День был прекрасный – мы замечательно провели время. Я вернулась домой в десять вечера, поужинала и собралась засыпать. Но – не тут-то было!

В половине двенадцатого из первой дрёмы меня вырывает голос Пугачевой, доносящийся из мобильника: «Я так хочу, чтобы лето не кончалось!» (Только не надо относить меня к поклонникам примы! В лагере мы часто поём под гитару, поэтому «Лето, ах, ле-е-ето» для меня – один из символов нашей смены, и чтобы скрасить себе ожидание, я поставила эту песню на звонок с первого июня). Тянусь к телефону, лежащему на тумбочке, и едва не падаю с кровати. «Блин!» – думаю я, но произношу всё-таки другое:

– Алё?

– Привет, Настя! – Это Павел. Только он, разбудив человека среди ночи, может говорить голосом довольным, как улыбка Чеширского кота.

– Ну, здра-авствуй… – тяну я вяло, всячески давая понять, что разбужена.

– Ты спишь?

– Издеваешься? – Возмущение делает мой голос предательски звонким.

– Ага, замечательно! Слышу, что уже не спишь! – радостно пользуется этим парень.

Я вздыхаю. Что ж, пока мама сидит на кухне, можно, в принципе, и поговорить. Если она услышит, что я не сплю, мне, конечно, влетит. Но звонящему до этого и дела нет. Его вечерние звонки стали традицией ещё с нового года.
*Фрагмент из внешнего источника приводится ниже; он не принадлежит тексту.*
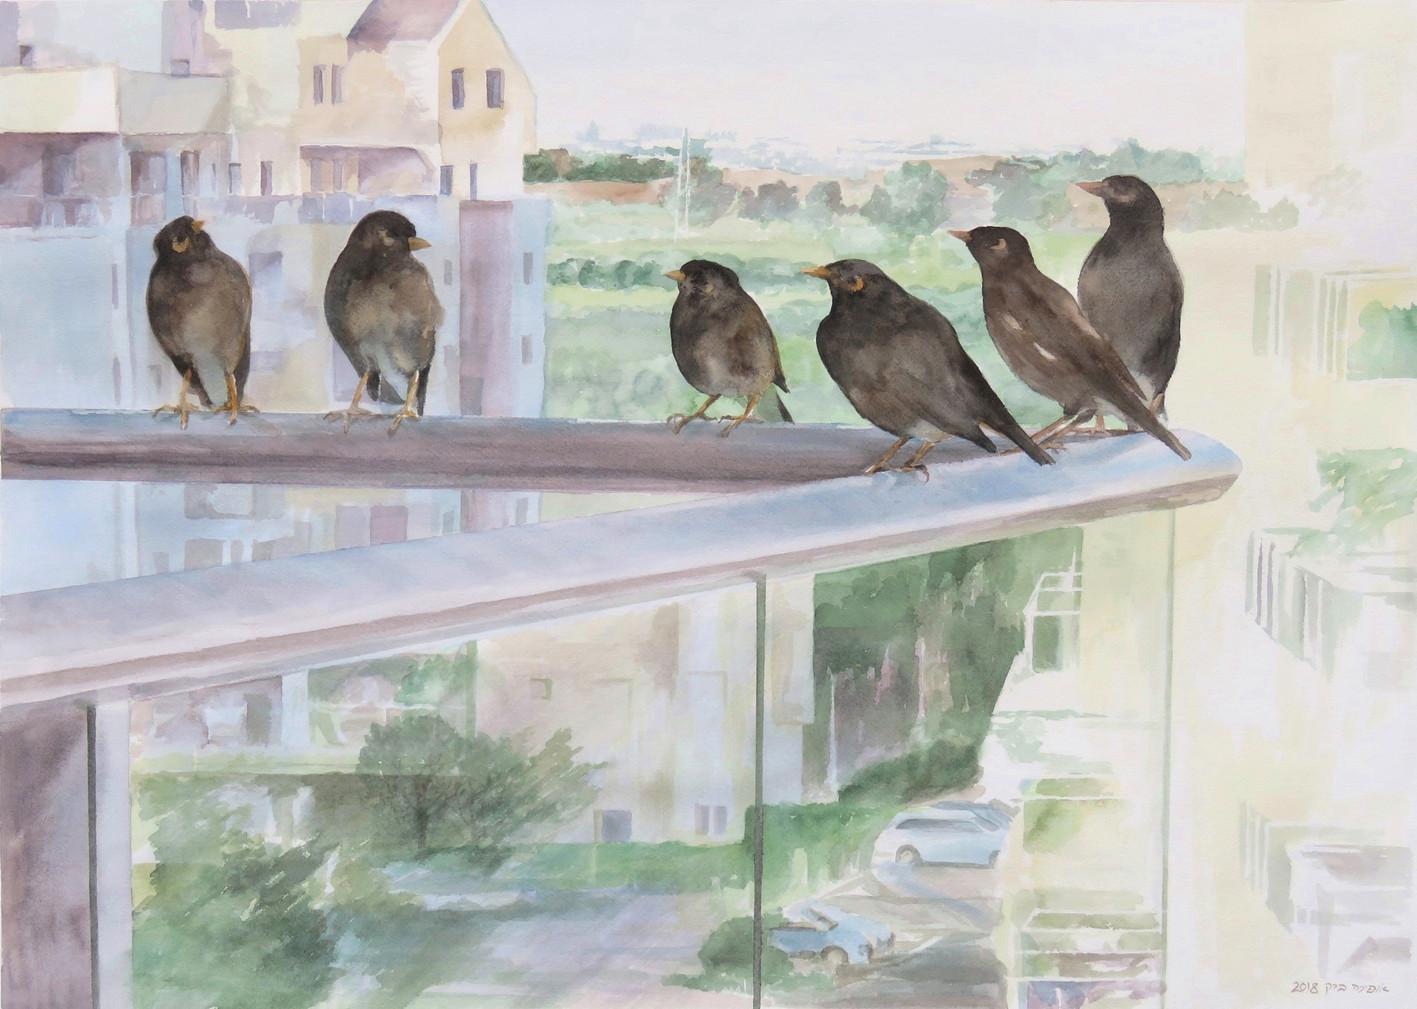 Urbanbirds-Watercolor-70X50cm-2018
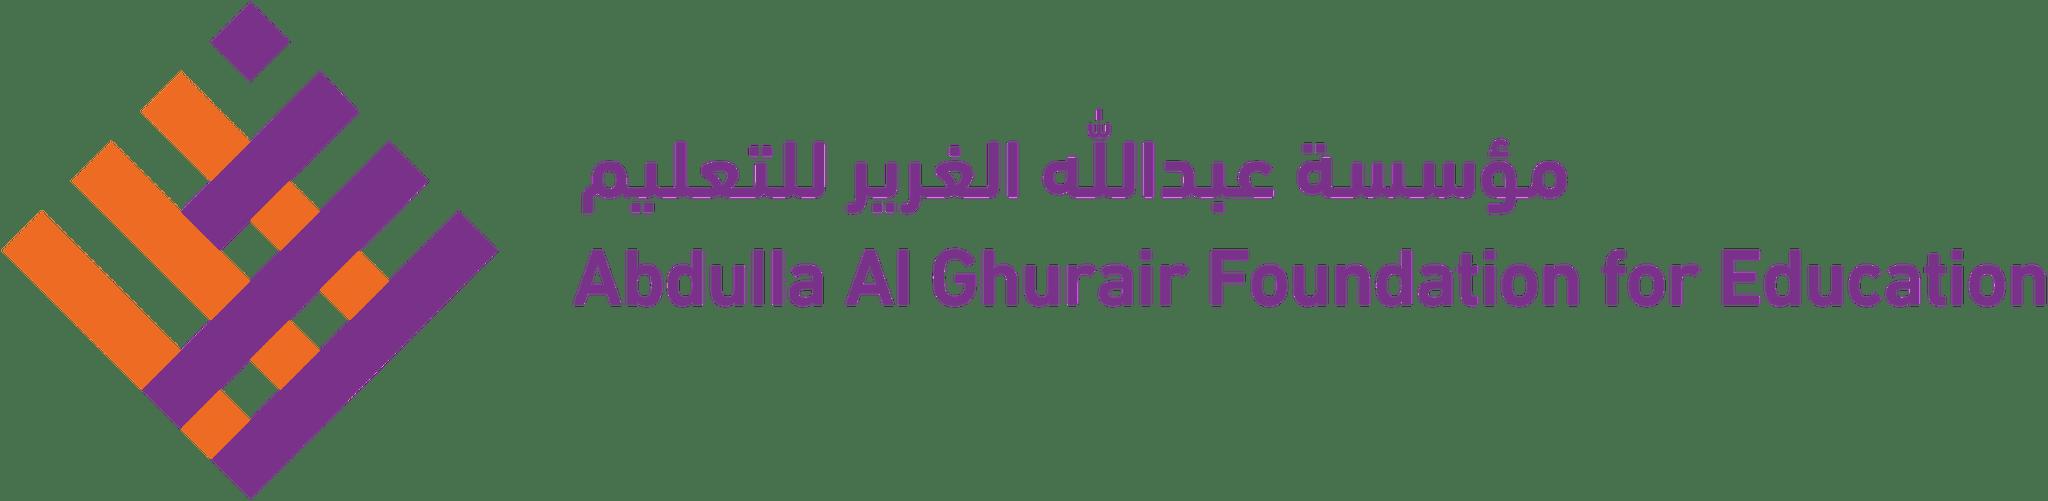 Abdulla Al Ghurair Foundation for Education

Тогда он собирался приехать в город из своего Светлогорска, но обстоятельства сложились криво. Упрямый школьный английский никак не влезал в Пашкину голову, и его на все каникулы приковали к англичанке для дополнительных занятий. Та хотела очистить свою совесть от тройки за четверть, поставленной ему авансом вместо заслуженного неуда. Тогда в тоске по лагерным друзьям (которая усиливалась тем, что Петя без него всё-таки в город поехал) Паша решил звонить всем «своим» каждый вечер по очереди. Сначала он звонил один, но потом подключил двоих друзей: Андрея и Георгия. Правда, Георгий сам себя именовал Гор (спасибо, что не Жора! Видимо, тоже не любит такое сокращение).

Впрочем, разговаривая со мной, Паша им трубку почти не давал. Несколько раз я обмолвилась парой фраз с Гором, и меня до глубины души поразил его загадочный бархатный голос. От Андрея мне досталось ещё меньше – только его смех на заднем фоне. Но, как бы то ни было, спустя полгода постоянное присутствие невидимок при наших телефонных разговорах сделало их такими же естественными элементами в компании «своих», какими были и Паша, и его брат. И не только для меня. Света и Катя вообще успели хорошо узнать и Андрея, и Гора. Они обе спали в собственных комнатах отдельно от родителей и могли беспрепятственно шептаться по телефону хоть до двух часов ночи.

У меня всё иначе. Отдельной комнаты нет, зато имеется «боязнь» телефонных разговоров. Ничего не могу поделать: мне тяжело общаться, когда я не вижу собеседника и не понимаю его реакций. Наладить контакт с призраком кажется мне непосильной задачей. Когда нужно кому-то позвонить, у меня почти всегда падает настроение. Поэтому и разговоры с Пашей не клеятся.

Однако он этого, кажется, не замечает и всё равно продолжает звонить мне каждый день, словно оператор колл-центра. И каждый день я напрасно надеюсь, что сегодня он пропустит мою фамилию в списке.

– Ну, как день прошёл? – Первая фраза не балует оригинальностью.

Настроение от удачной прогулки всё ещё со мной, а кроме того, мне хочется подвигнуть Пашу и его таинственных друзей приехать из своего Светлогорска к нам в город. Поэтому я принимаюсь живописать наши сегодняшние похождения, не упуская возможности подчеркнуть, что приехавший Петя очень радовался встрече, и что нам было весело вместе. Мне кажется, Паша должен понять мой тонкий намек на то, как много он теряет, сидя в своём захолустье. Но Паша не из тех, кто понимает намёки. Красноречие на него не действует.